Harald Kipp harald.kipp at egnite.de
Sun Oct 20 17:27:31 CEST 2002


>
>    Yes, NutEventWait would not timeout. When transmit about 250Kbyte/s,
>it would receive about 33 packets (1.5Kbyte per packet) in 200ms. In other
>word it if one of the sockets's transmiting speed is faster than 7.5KByte/s,
>NutEventWait would not timeout !

You forgot the application side. If large packets
are received, the TCP window would become full soon
and the remote stops sending more packets.

But you are right, if we consider 1 byte data
packets, it might block other connections.

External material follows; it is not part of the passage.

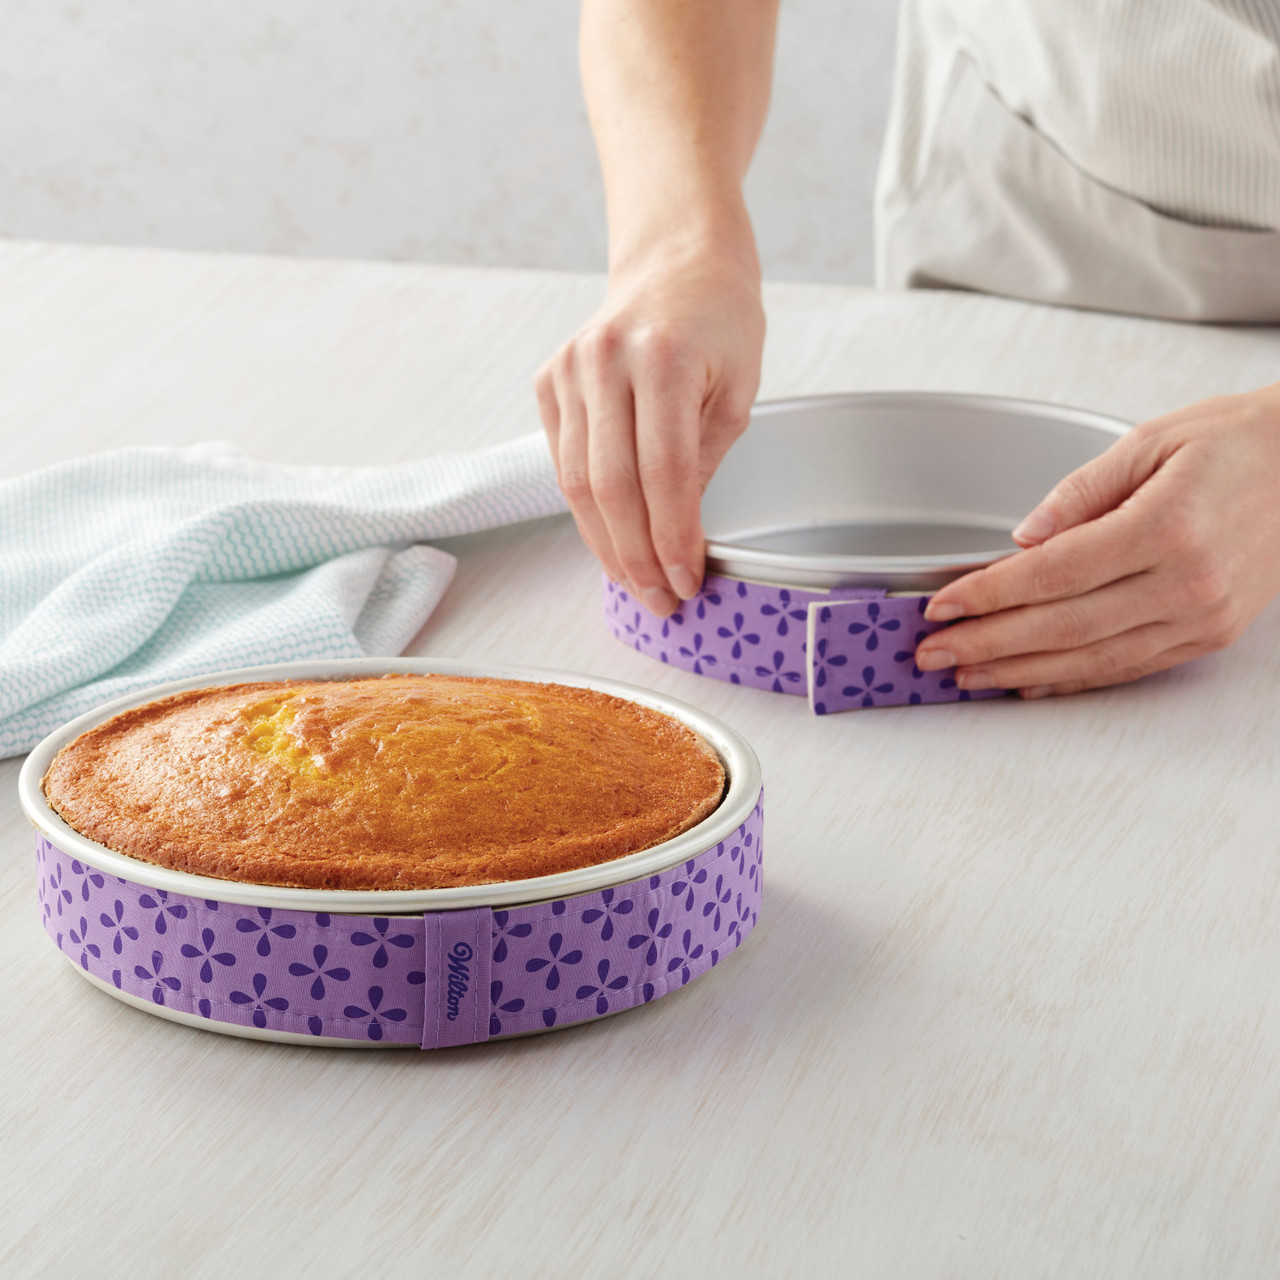 Unique Cake Pans

> > Regarding your second example: ARP timeouts won't
> > hurt because of the decoupling mentioned above.
> > Receiving and transmitting is completely asynchronous.
> > The TCP packet without ARP entry is buffered,
> > an ARP request is sent out and the transmit returns,
> > ready to handle new incoming packets. When later
> > on the ARP response is received, the buffered
> > TCP packet will be sent.
>    Maybe I have not understand you

Yes, difficult if two people try to discuss a complicated
topic in a language they both don't know really. :-)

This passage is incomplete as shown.